Naked? Raquel Welch (Picture: - 2 - 3).

But she's never been naked . . .
No, but you know that movie One Million Years B.C.? She looked pretty good in that. She looks pretty good now! What is she sixty or something?

What about contemporary actresses?
None of them really float my boat. Nobody really gets me excited. Who gets you excited?

I used to go cuckoo for Nastassja Kinski, I loved her big, round ass.
Well, there you go. I like the chest myself.

There must be some chesty actresses, or how about musicians, you're a musician, what about Britney Spears and all those bubblegum teasers?
Oh, do nothing, abso-fucking-lutely nothing for me. First of all, if they're implants, forget it. That's like touching a plunger for a toilet. That's what it reminds me of, I swear to God. I look at pictures and I say no. They got to be real.

What about Ashlee Simpson or someone like that?
Ugh, God! Absolutely not, zero for me. What, a lot of guys want Ashlee Simpson?
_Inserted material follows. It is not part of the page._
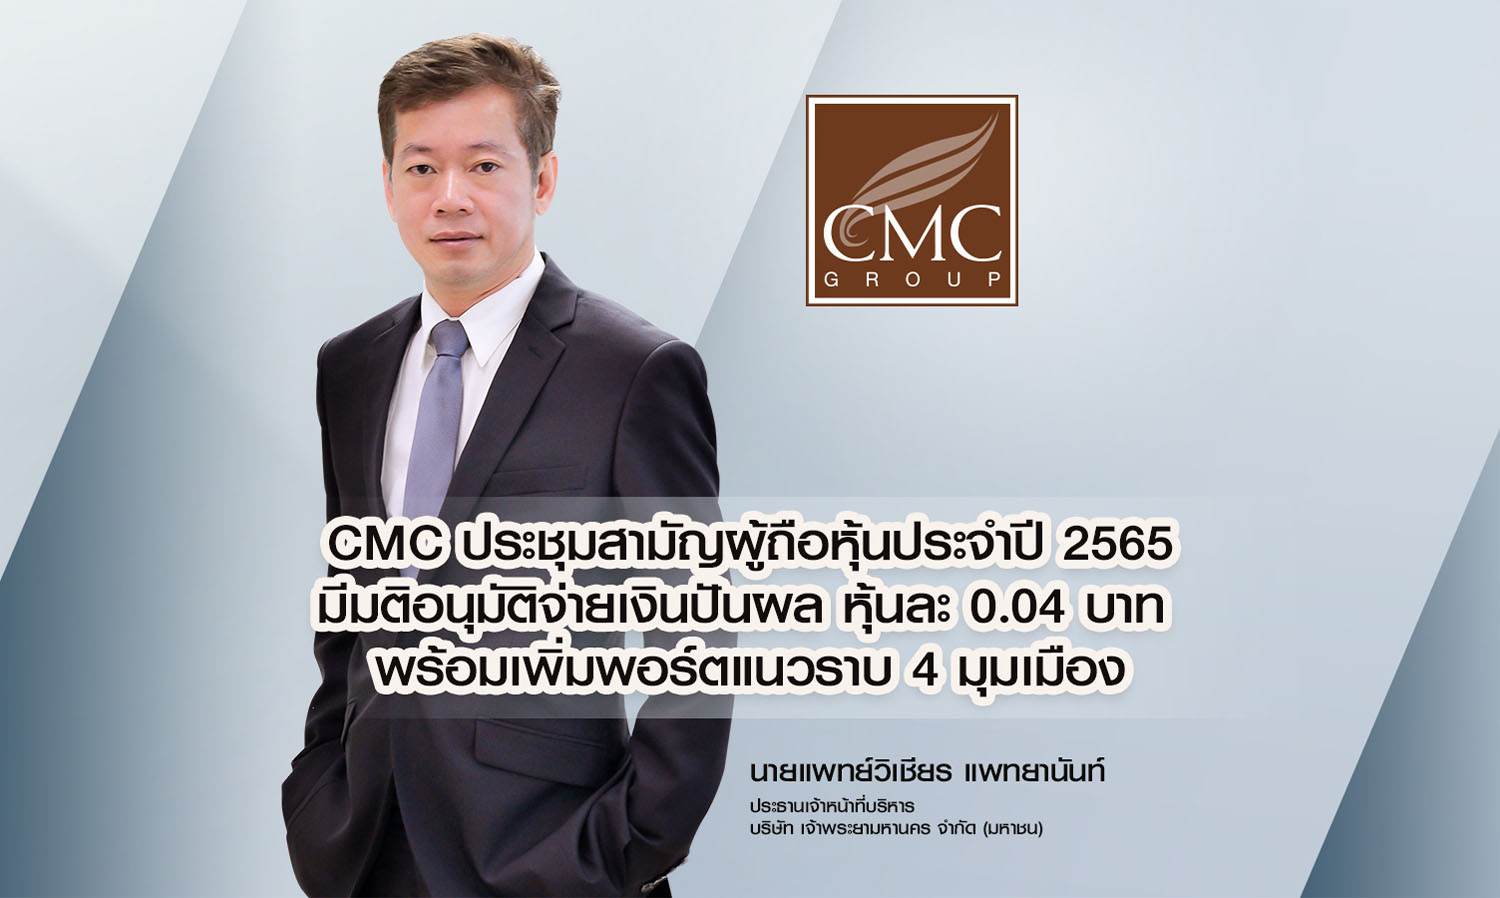 “CMC” มีมติอนุมัติจ่ายเงินปันผล หุ้นละ 0.04 บาท พร้อมเพิ่มพอร์ตแนวราบ 4 มุมเมือง  ย้ำความเป็นผู้นำการพัฒนาอสังหาริมทรัพย์ไทย

Sure, all those pop tarts, like Christina Aguilera ...
Oh God, no.

Maybe it's just because they're so slutty on stage.
Yeah, but when they're slutty on stage they're nowhere near like that in life. I love funny girls. Not the funny that Anna Nicole [Smith] is. Stupid. She must be pretty depressed right now. Oh, I'm looking at a Skinterview with Mamie Van Doren. How does she look now?
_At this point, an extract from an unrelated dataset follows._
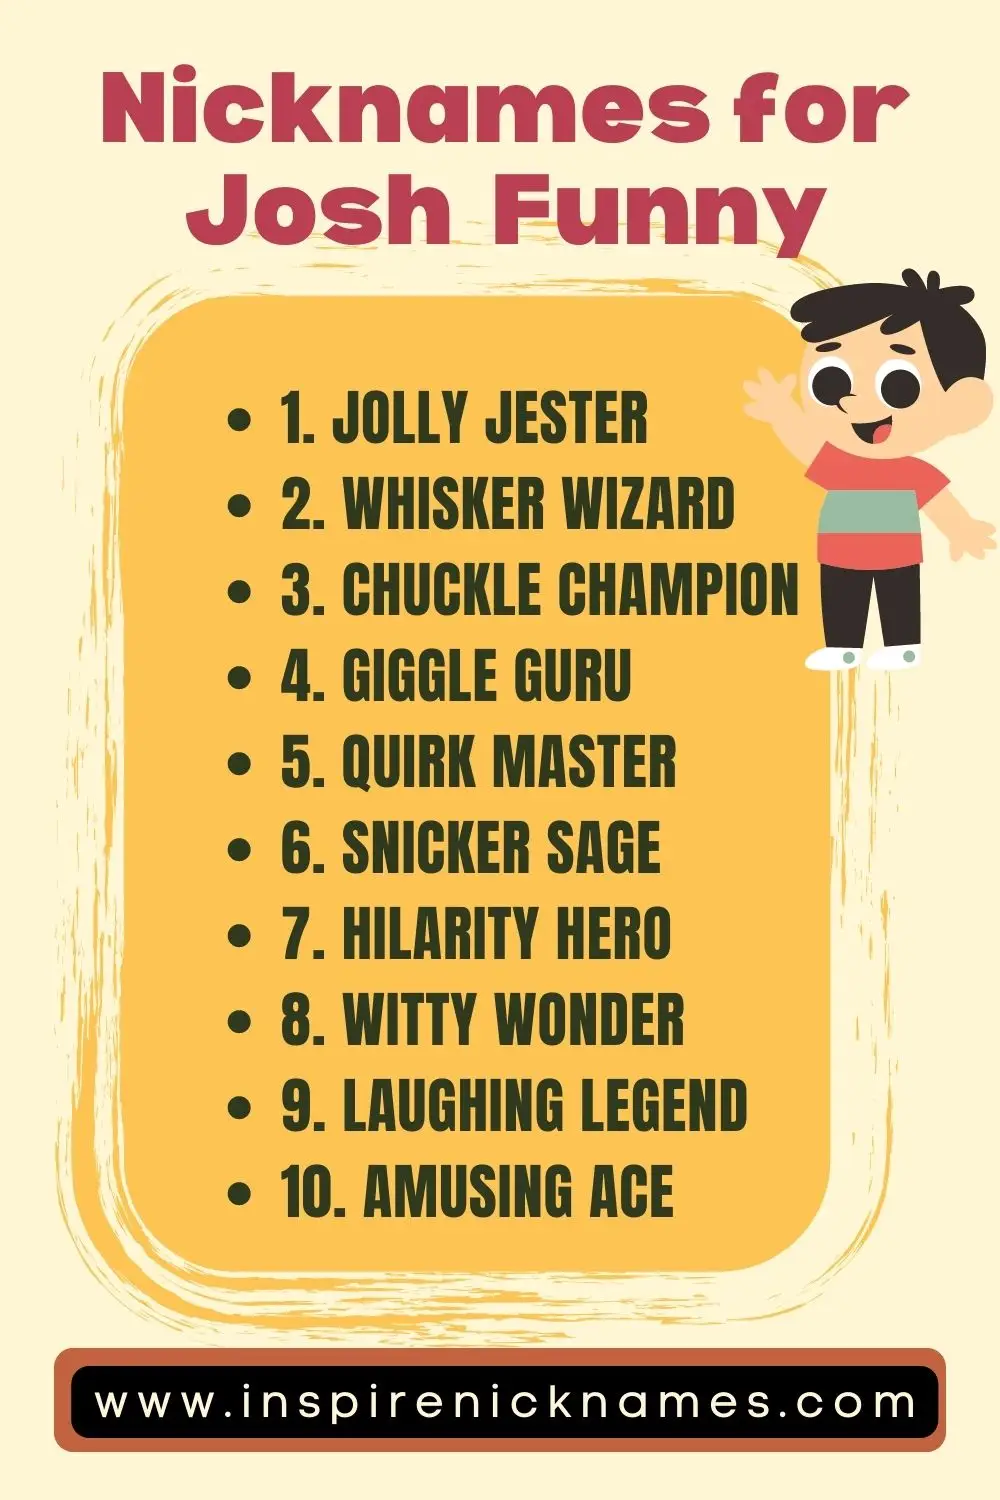 nicknames for josh funny list ideas

Considering how old she is . . .
Oh [very excited], I'll tell you who I like, Britt Ekland. We had this group called The Voices of Classic Rock where all of the lead singers from groups went out and did corporate concerts, and we did golf tournaments and stuff like that, and we did one with Britt. She plays golf. You should have seen what see looked like, man! She looked like a fucking movie star with all the diamonds and the body was great and dirty-mouthed jokes--that's all she was doing was telling jokes. She was the fucking best, man. She really looked the part. And when I was younger I wasn't as into her as I am now. She was telling me some of the dirtiest jokes, but funny, and when you see someone who looks that great telling dirty jokes, it's like, you know she must be a blast. She's not going to be like a Jewish American Princess, when they talk about when they're having sex: "Beige, I'll paint the ceiling beige." She doesn't look like that.

You've done a bit of acting yourself in The Money Pit. Anything new?
I did a lot of auditions for commercials that I didn't get. I did Beast Wars, it was a cartoon. They didn't have to add too much effect on my voice. It was low enough. But I love hearing myself.
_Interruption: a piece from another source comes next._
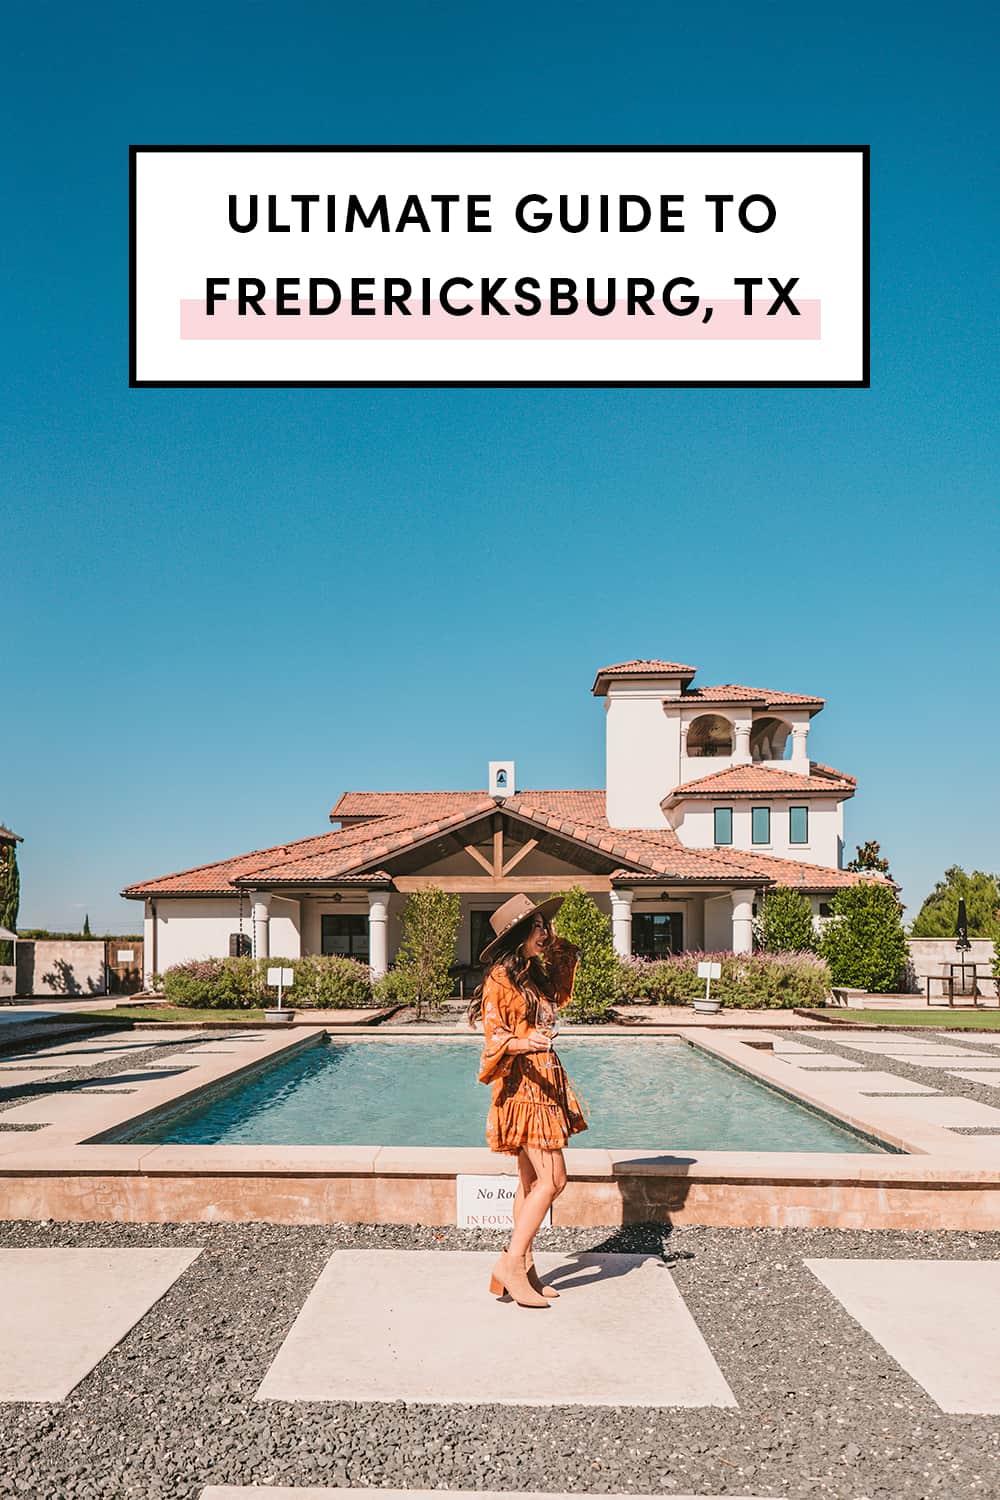 Ultimate guide to Fredericksburg Texas | wineries restaurants shops vineyards TX

You were the musical director for The Howard Stern Radio Show when he was on Fox.
That was great. That's how I met Sam Kinison. Sam, there was a guy that was a party in a bottle, man. I really miss him. I remember he talked about Jessican Hahn; he used to go out with her or screw her. He told the story when Jimmy Bakker had sex with her and got forty-five years or whatever he got, Sam says, "He should have shot her in the head, he would have got one-to-five [laughs]." To this day, if you asked Howard who his favorite comedian is, I guarantee you he'll say Sam.

Howard introduced me to him and he was doing this tour and instead of coming back for an encore he played guitar. So I put together this band for him and every city we went to I'd call whoever was in town that I knew and I actually came up with the song "Wild Thing" that he recorded. I figured he needed a song that you could identify with him instead of just jamming on any stupid song. I thought that fit him perfectly.

Great video ...
He didn't ask me to be in it, but that's beside the point.

You still go on the Howard Stern show?
I went on it about a year ago. I love him, man.

OK, I'll let you go and enjoy MrSkin.com. What's the first thing you're going to look up?
I see you have "Tits and Tidbits" Jennifer Garner, she does nothing for me either. Flat as a board, I don't know, that just doesn't do it for me. But I'm going to look at all this stuff. What should I look at? Oh [excited again] Paris Hilton's (Picture: - - - ) video!